Zajal, think hip-hop, rap and toasting

Ed Emery in Le Monde Diplomatique:

Lebanon’s Ghada Shbeir won the BBC Radio 3 World Music Awards this June and, with them, the West discovered Muwashshah, an Arab versified musical form that was previously known just to a handful of scholars. The Palestinian singer Reem Kilani has also helped Britain discover this music, which exists alongside a related form known as Zajal. Like Muwashshah, it is a strophic poetic form much loved and prized by Arabs the world over.

Although it is sung and has music, Zajal is not often performed in the West, for simple reasons: it is an art of poetic duelling in which two poets challenge each other with improvised verses, and each has to respond in kind. It is performance art, emulative poeteering between men. It is not a free-for-all, but takes place within established conventions. Think hip-hop, rap, Jamaican dancehall and toasting.

Since its performance depends on text, it needs an audience who can understand its meanings, cross-references, puns and interplays. And feedback from the audience – appreciative noises, rhythmic clapping and repeating of sung refrains – is necessary for its poets to perform their art, so Zajal could not easily transfer to the alienated spaces of the World Music stage.

Posted by Robin Varghese at 06:59 PM | Permalink

Comments

I seem to remember a Palestinian guy exchanging songs with his barber in the documentary A Wedding in Ramallah. Is that similar?

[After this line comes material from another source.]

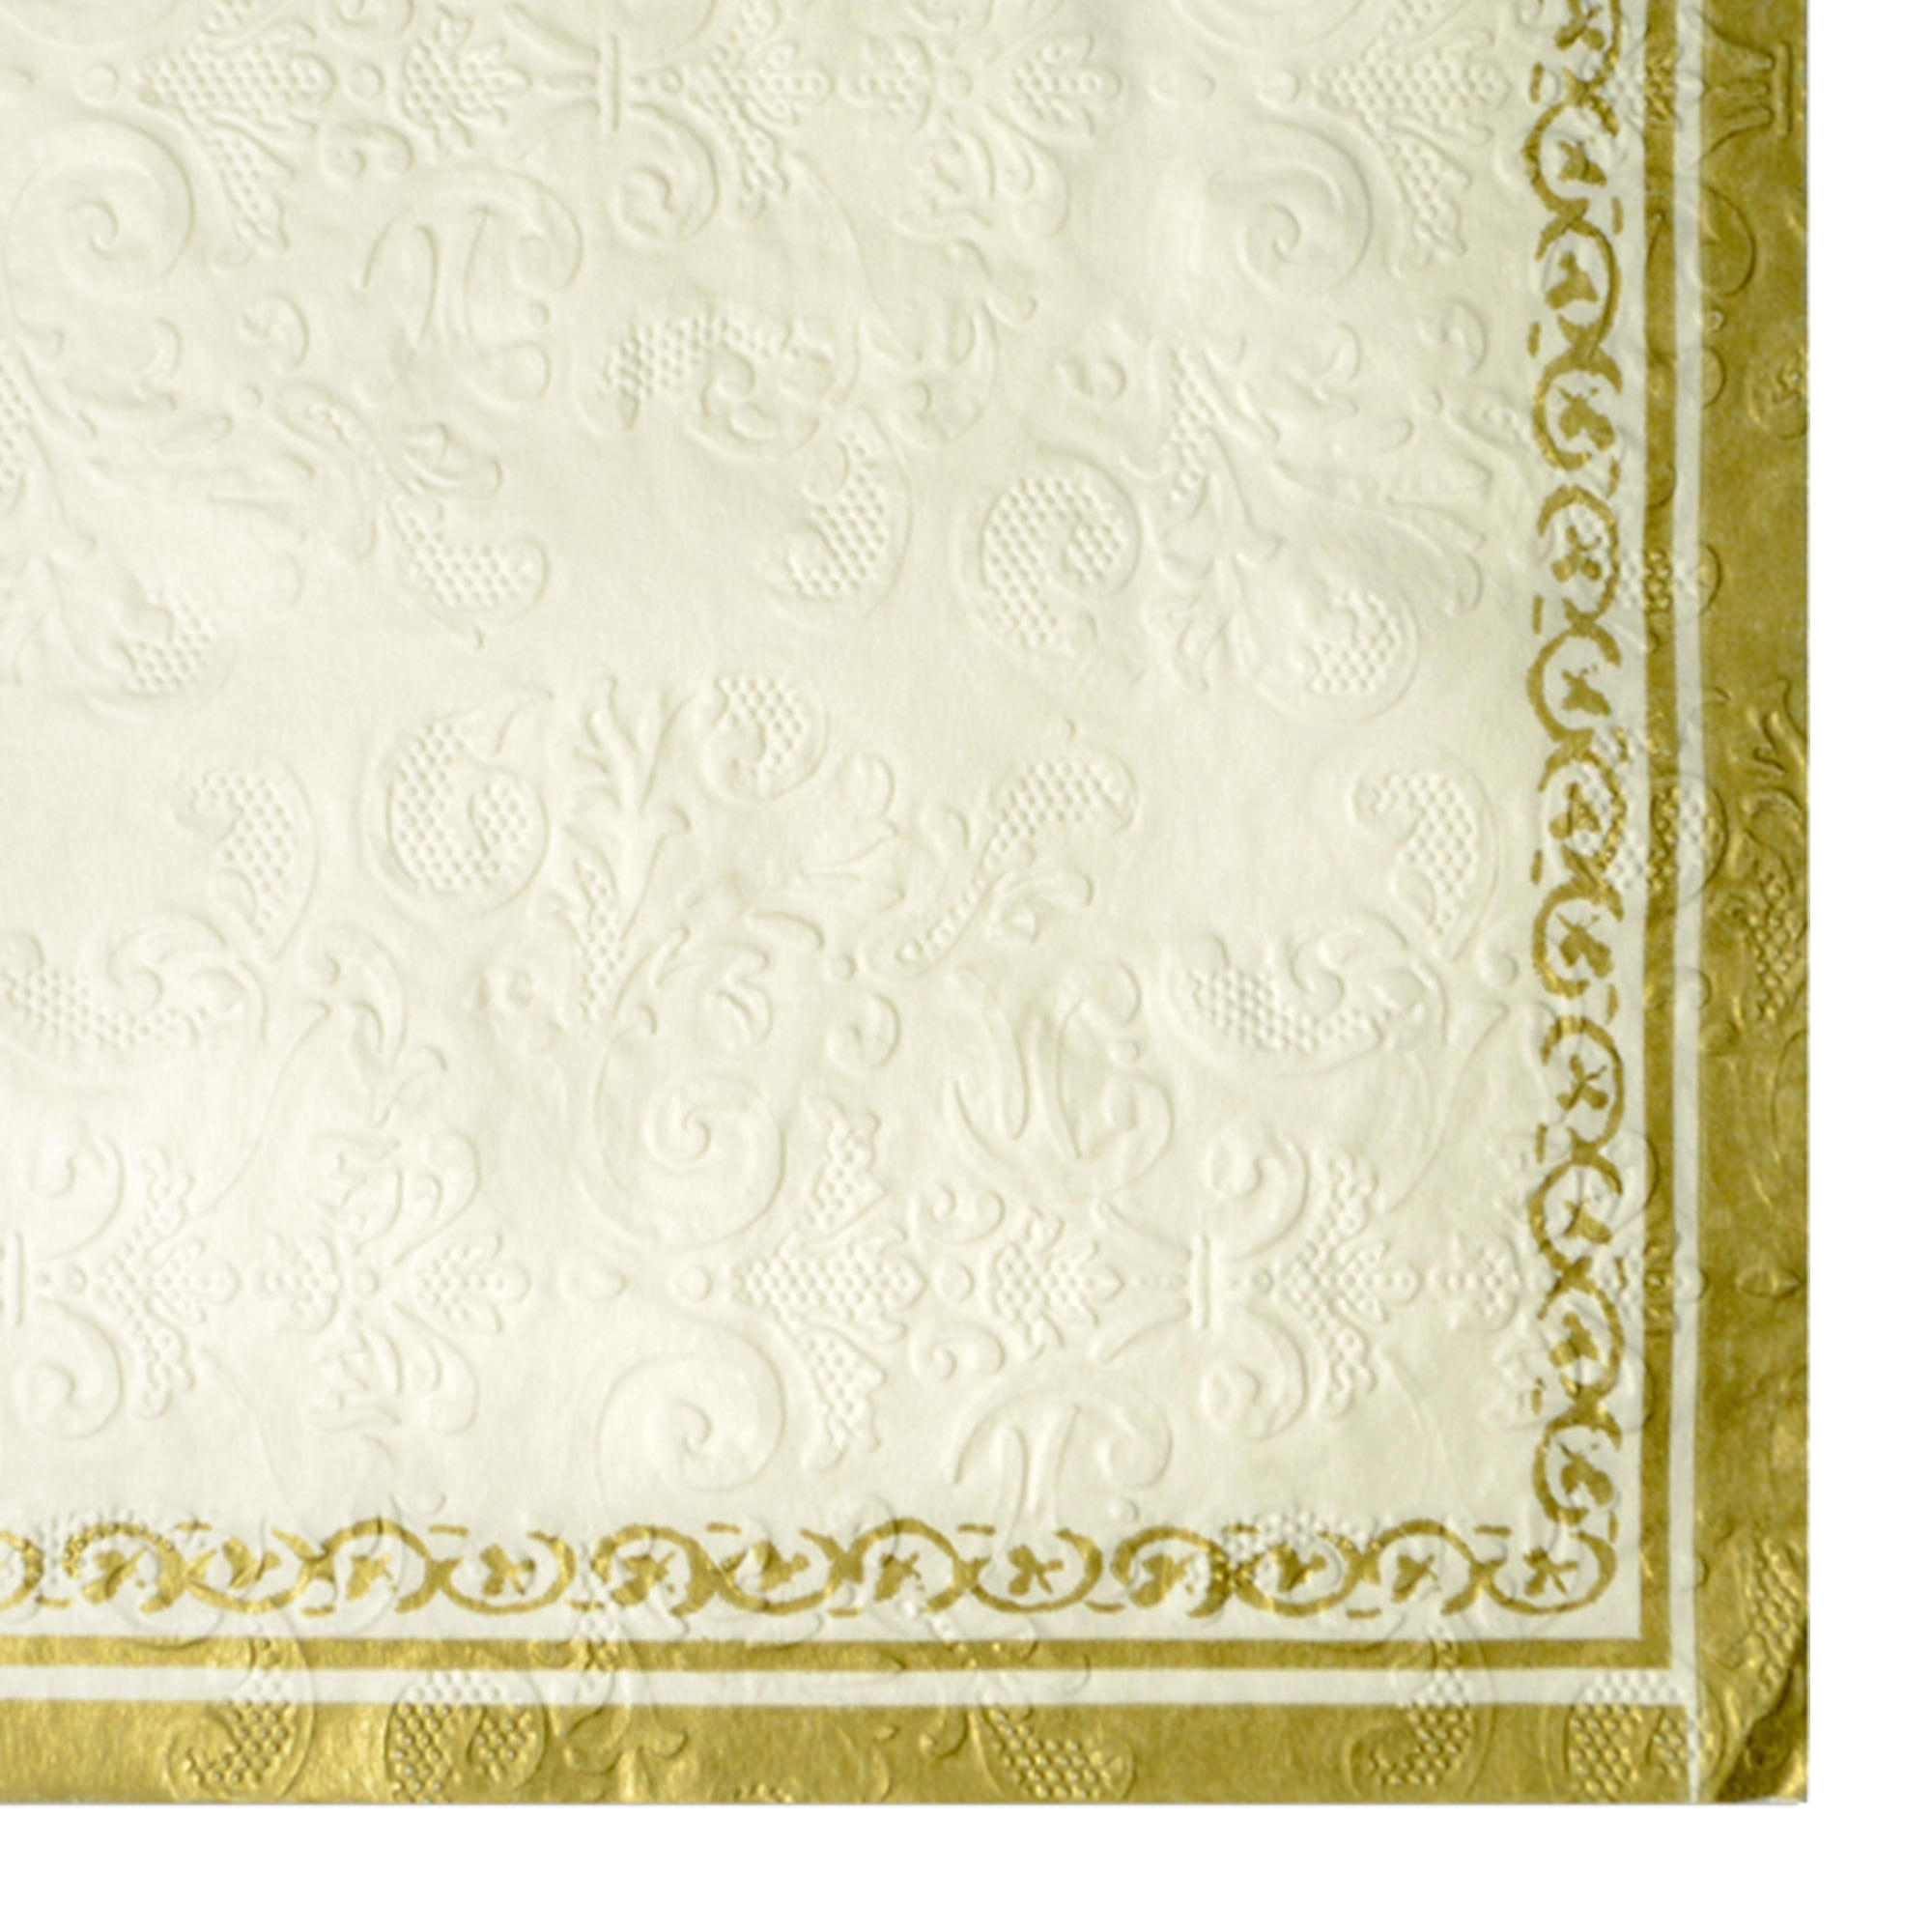 Casa Regalo 3ply Embossed Napkin 20pk White/Gold Image 2

Posted by: Sagredo | Oct 28, 2007 9:22:44 PM

Readers who pursue not only Zajal but all matters in this post will become familiar with Ghada Shbeir, winner of the BBC 3 World Music Award this year. She has one of the most beautiful voices on earth, period. Only one disc of hers is available in the West -- _Al Muwashahat_. Get it!!! There will be more now, at last, a decade after this magnificent Lebanese artist has been widely recognized. You can hear her as well in Constantinople's recent release, _Carrefours de la Mediterranee_.

If you listen to Zajal and it's not your thing, try listening to a Palestinian poet/composer/singer from Gaza, Moneim Oudwan, who made a recording with Francoise Atlan a while back, _Nawah_. I found that it was kind of an easier way in -- no insult to the artists, obviously.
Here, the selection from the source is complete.